═══ Data ═══

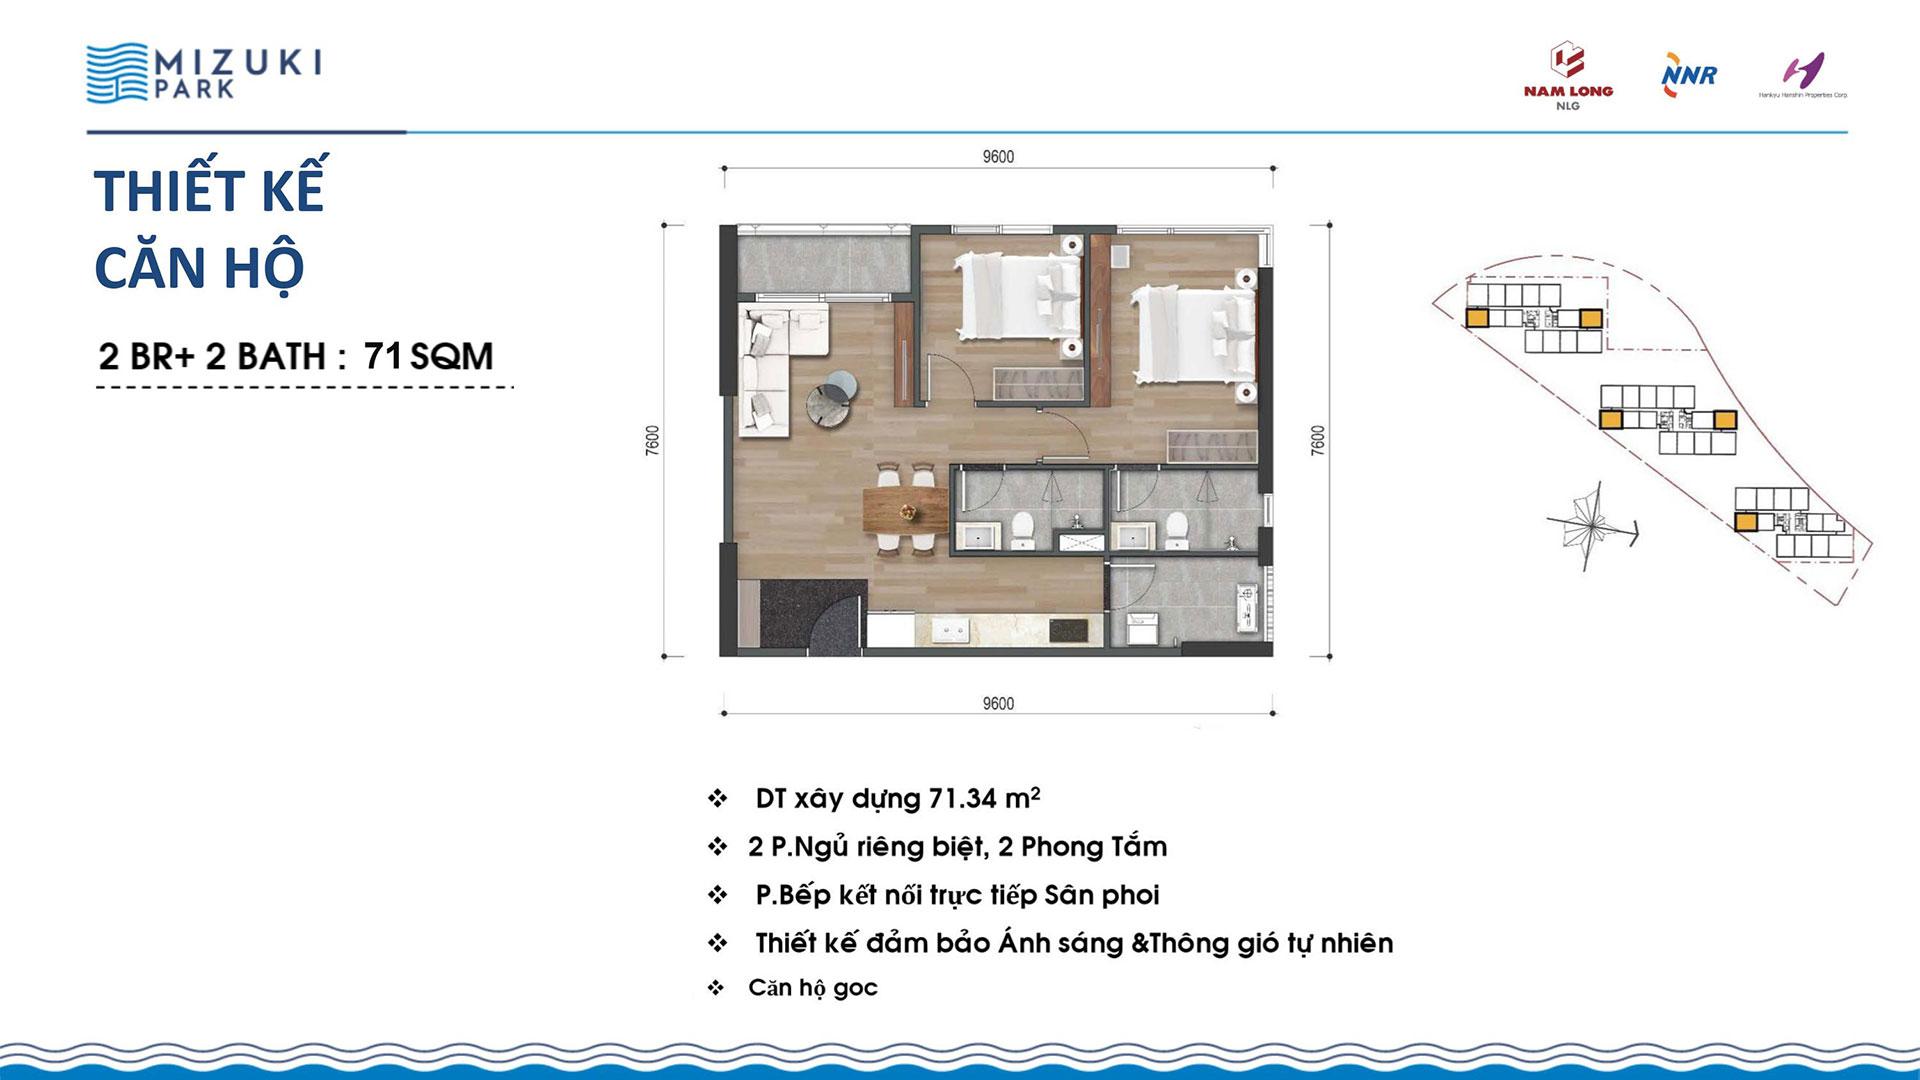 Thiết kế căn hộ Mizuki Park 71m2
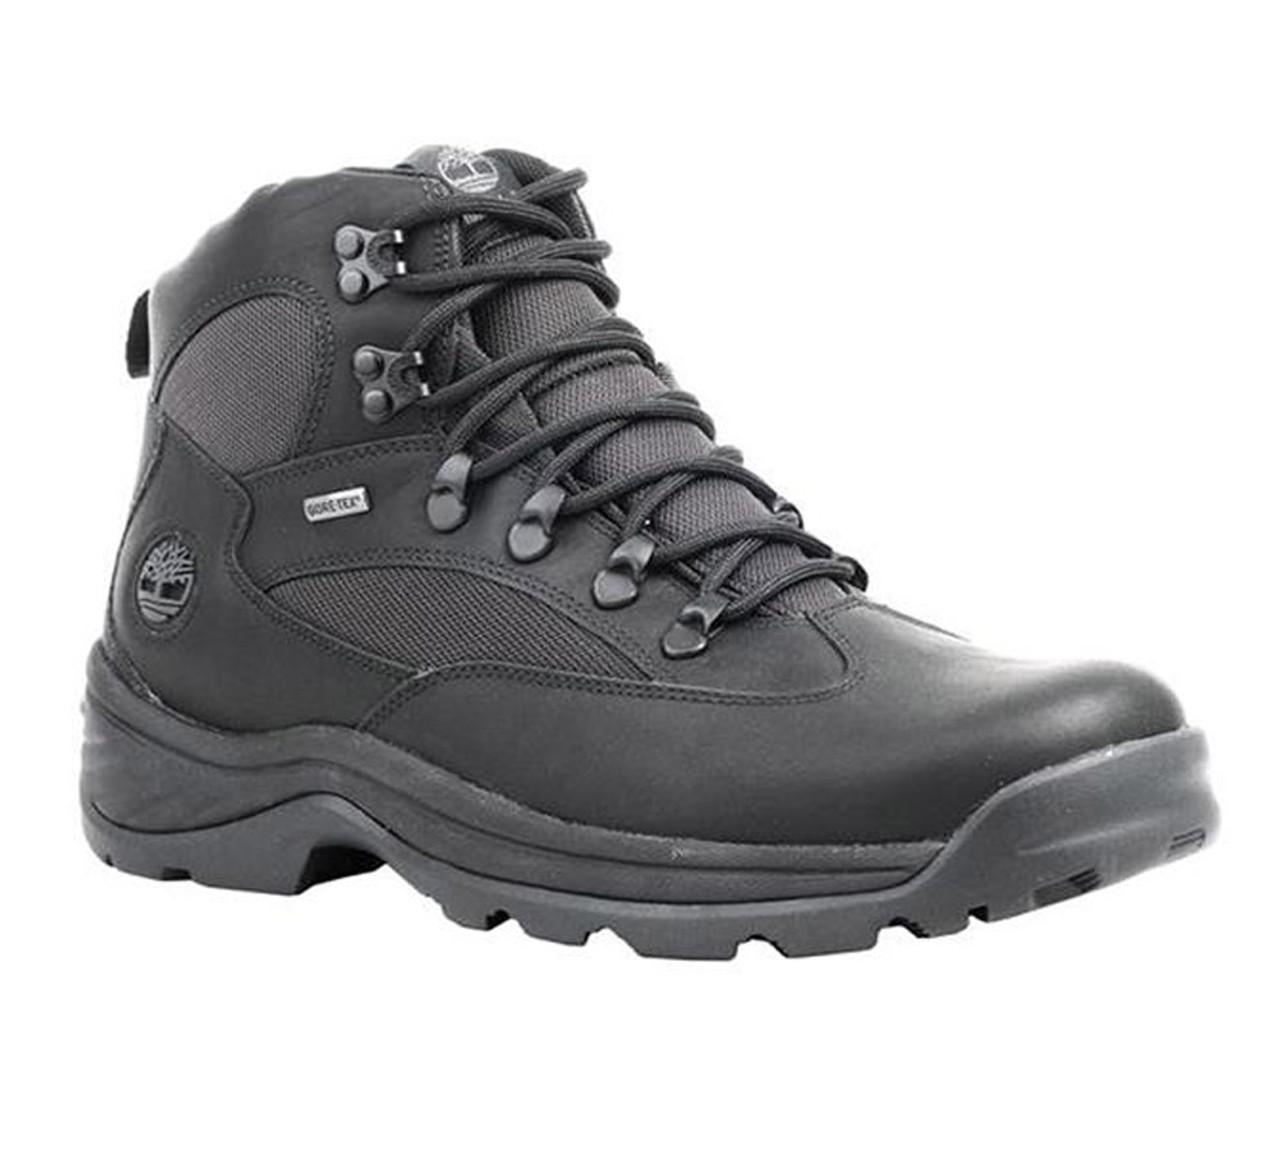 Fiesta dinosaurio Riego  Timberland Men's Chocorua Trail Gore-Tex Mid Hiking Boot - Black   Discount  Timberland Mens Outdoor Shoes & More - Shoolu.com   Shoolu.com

═══
═══ Data ═══

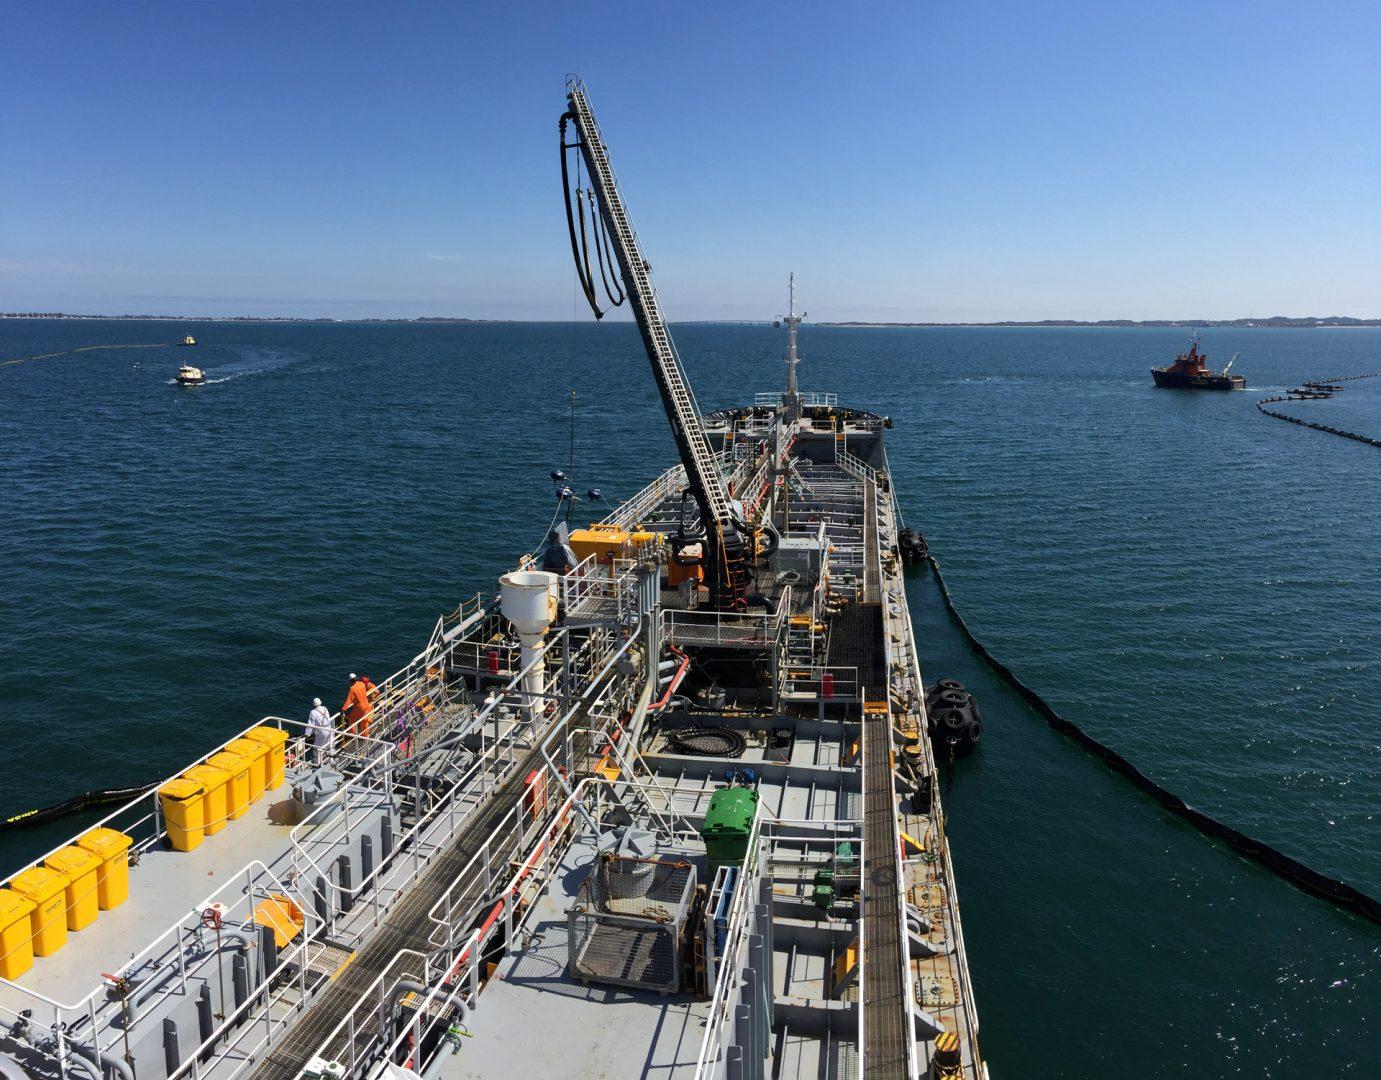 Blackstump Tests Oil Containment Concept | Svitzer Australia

═══
═══ Data ═══

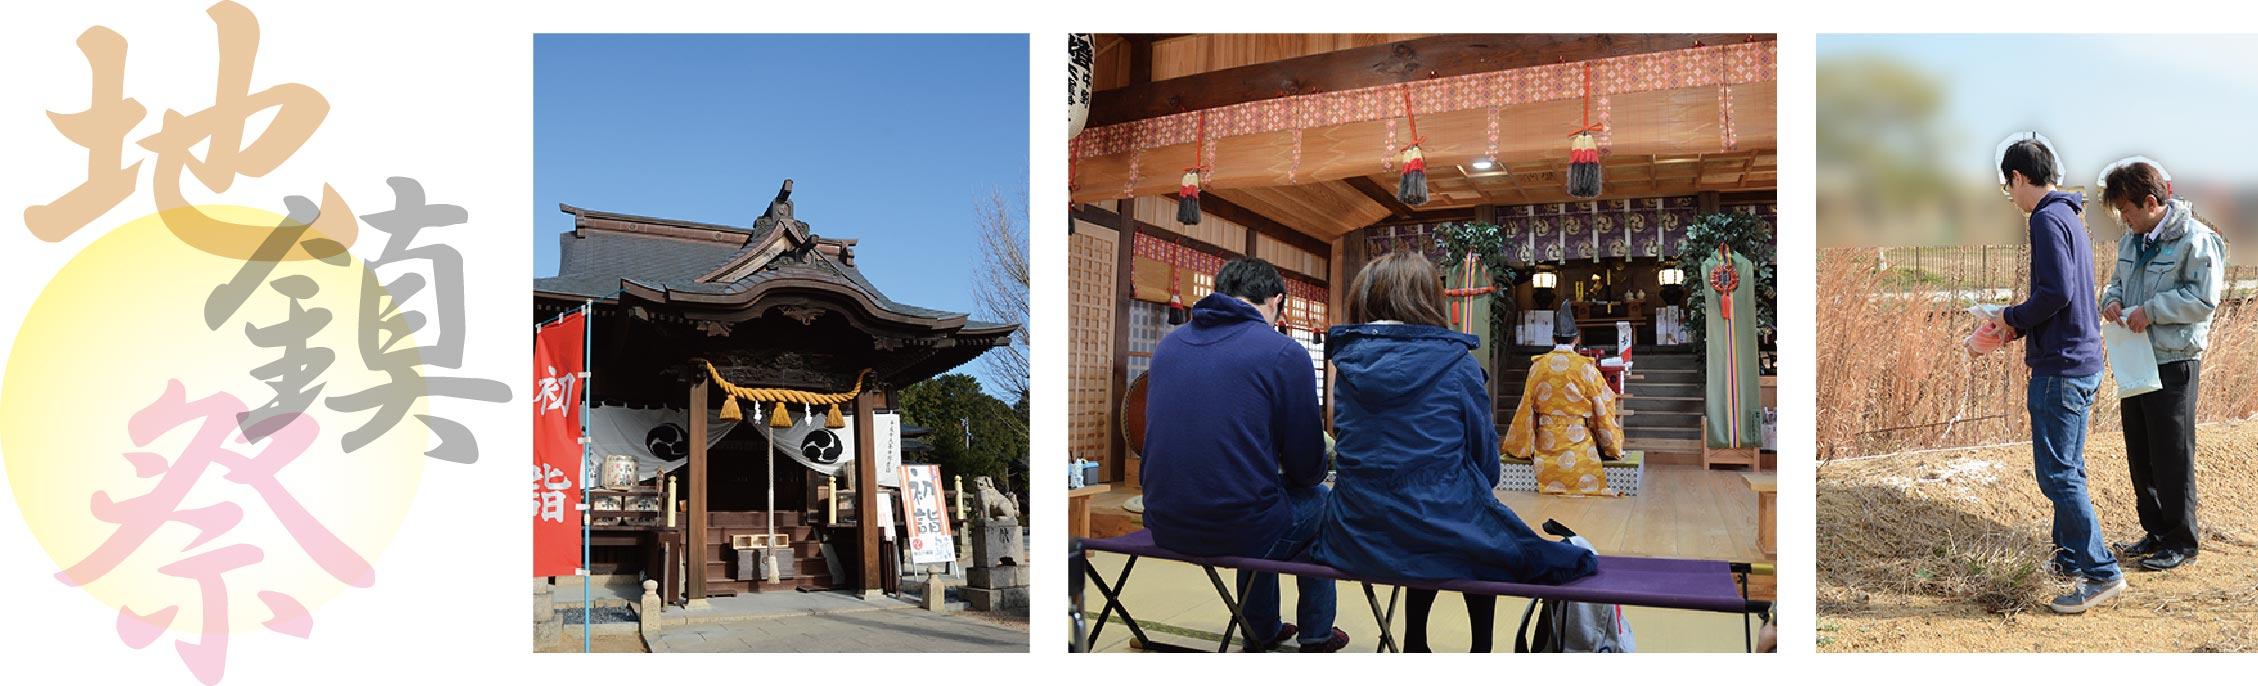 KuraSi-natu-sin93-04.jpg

═══

■ Your objective:
Word for word, write out the lines above running from the one with "Thiết kế căn hộ Mizuki Park 71m2" up to and including the one with "Fiesta dinosaurio Riego". Drop any picture.

■ Problem solution:
 Thiết kế căn hộ Mizuki Park 71m2
 Fiesta dinosaurio Riego  Timberland Men's Chocorua Trail Gore-Tex Mid Hiking Boot - Black   Discount  Timberland Mens Outdoor Shoes & More - Shoolu.com   Shoolu.com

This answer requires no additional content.